Stiglitz's estimates were recently corroborated by a study conducted by the Watson Institute for International Studies at Brown University, which concluded the total cost of the two wars to date at $3.2 trillion to $4 trillion, including future veteran benefits. However, it didn't include an estimated half trillion dollars in additional war spending over the next few years, or another $1 trillion in interest payments on the increase in the national debt.
The cost-of-war authors also cautioned that future veteran benefits may be underestimated. Beyond the 6,000 U.S. troops and 2,300 contractors who have died in Afghanistan and Iraq, nearly 70,000 allied troops have been wounded.
While the high ratio of wounded soldiers to deaths is testimony to the remarkable battlefield medicine capabilities of the U.S. military, those successes have also left behind large populations of severely disabled veterans who will likely need special medical, psychological and social support throughout their lives. As of fall 2010, there had already been 550,000 disability claims registered with the Veterans Administration, and a recent RAND study found 26% of returning troops had mental health problems.
The costs are already skyrocketing. Claims for veteran benefits and health care have more than tripled in the past decade, rising to an estimated $141 billion this year. The rate of increase -- 9.7% per year on average -- compares with just a 4.2% annual average increase in the 1990s, when government agencies had to deal with the aftermath of the much shorter and less deadly first Iraq war.
Homeland security budgets have seen a similar increase, more than tripling in the past decade to an estimated $48.1 billion this year. This includes $5.5 billion for the Transportation Security Administration, which didn't exist before 9/11. The U.S. has spent more than $600 billion on homeland security in the past decade, according to Chris Hellman of the National Priorities Project.

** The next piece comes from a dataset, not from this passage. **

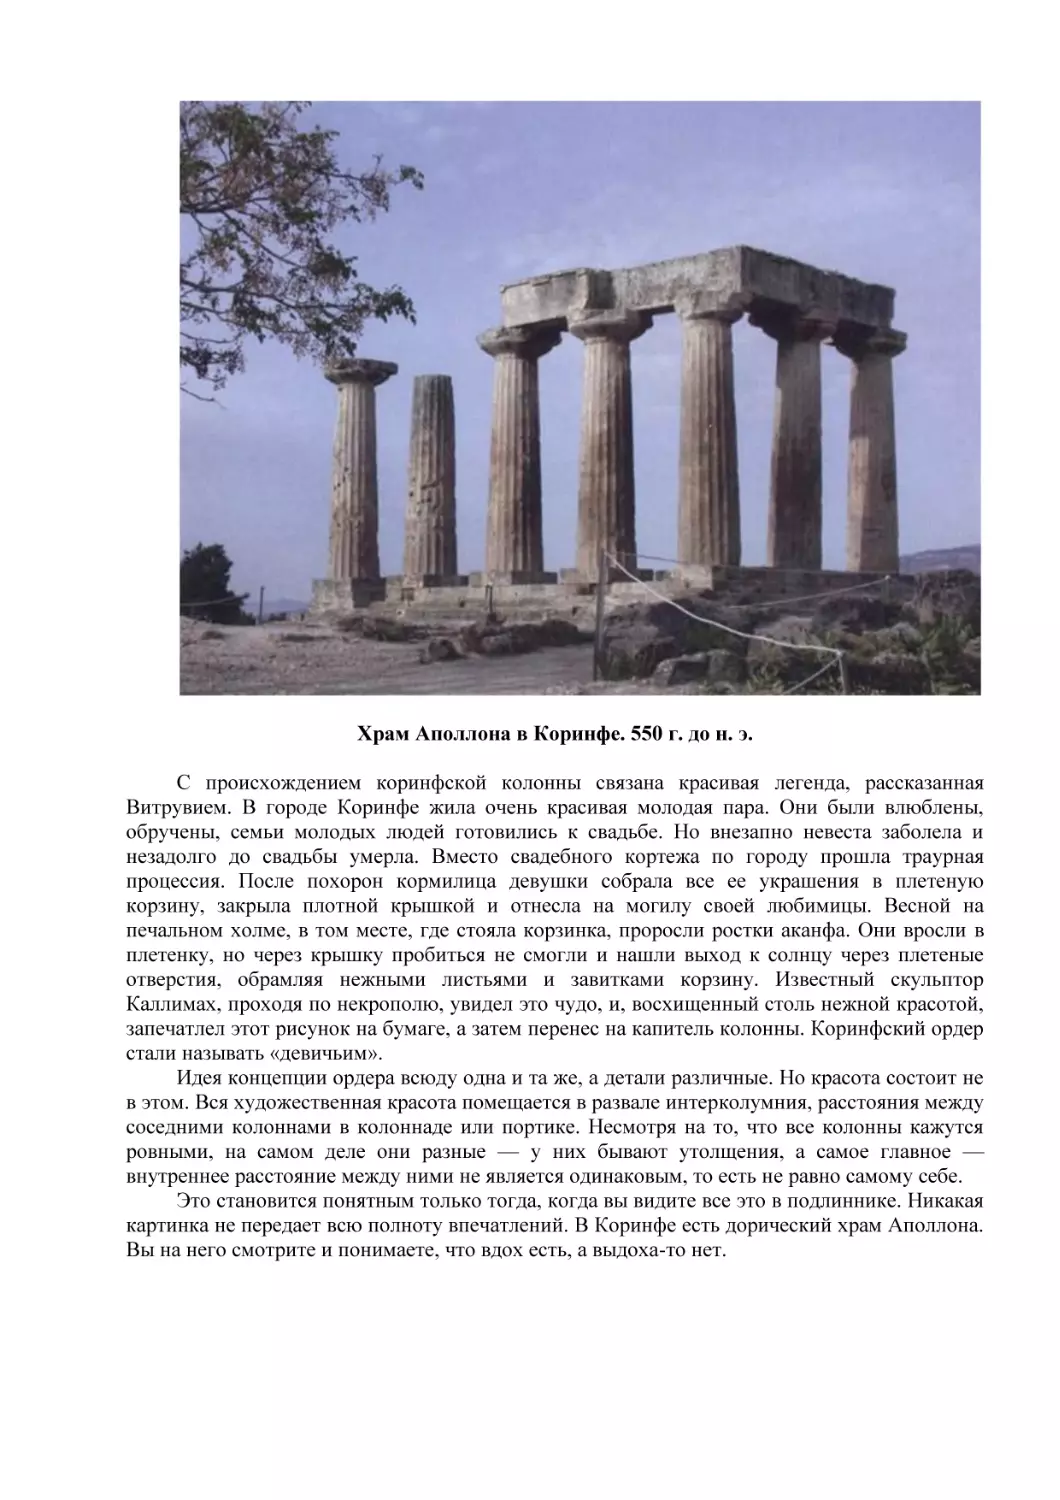 Храм Аполлона в Коринфе. 550 г. до н. э.
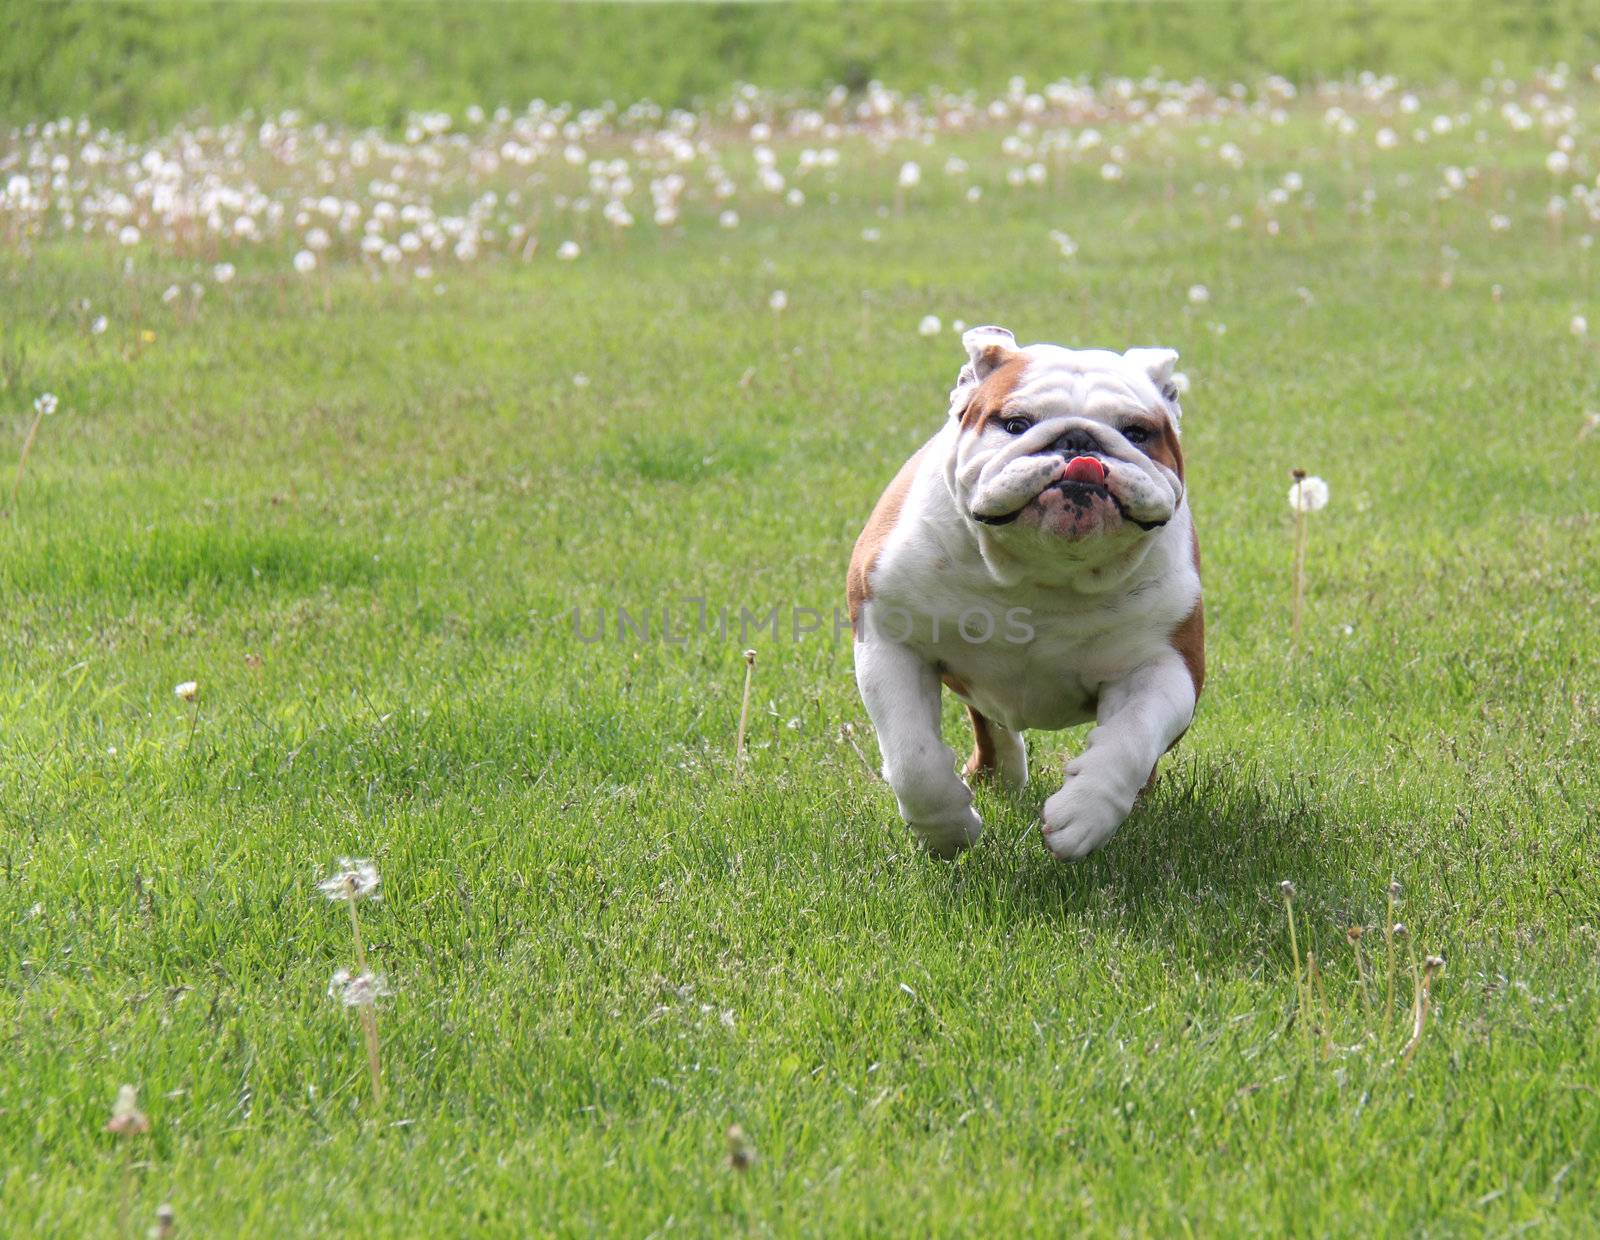 dog running - english bulldog running in the grass

International aid and humanitarian assistance have also jumped sharply in the past decade, reaching $19 billion in 2010, or nearly three times the level spent during Clinton's last years in office. Some of the increased spending can be attributed to the Bush administration's stepped-up efforts to combat deadly diseases in the developing world, such as AIDS, tuberculosis and malaria. But the government, including the Obama administration, also spent more than $5 billion in economic assistance to Afghanistan last year and plans to spend even more this year as the U.S. seeks to wind down its military presence.
"The choice the U.S. walked through after 9/11 was the door to war," said Neta Crawford, a professor of political science at Boston University, who coordinated the war cost project. "The U.S. saw it as an act of war. But international law sees it as a crime. To treat terrorism as a crime would have entailed a much more intensified law enforcement response.
"It wouldn't have been cheap," Crawford said. "But it would not have cost as much in dollars, and certainly not in lives."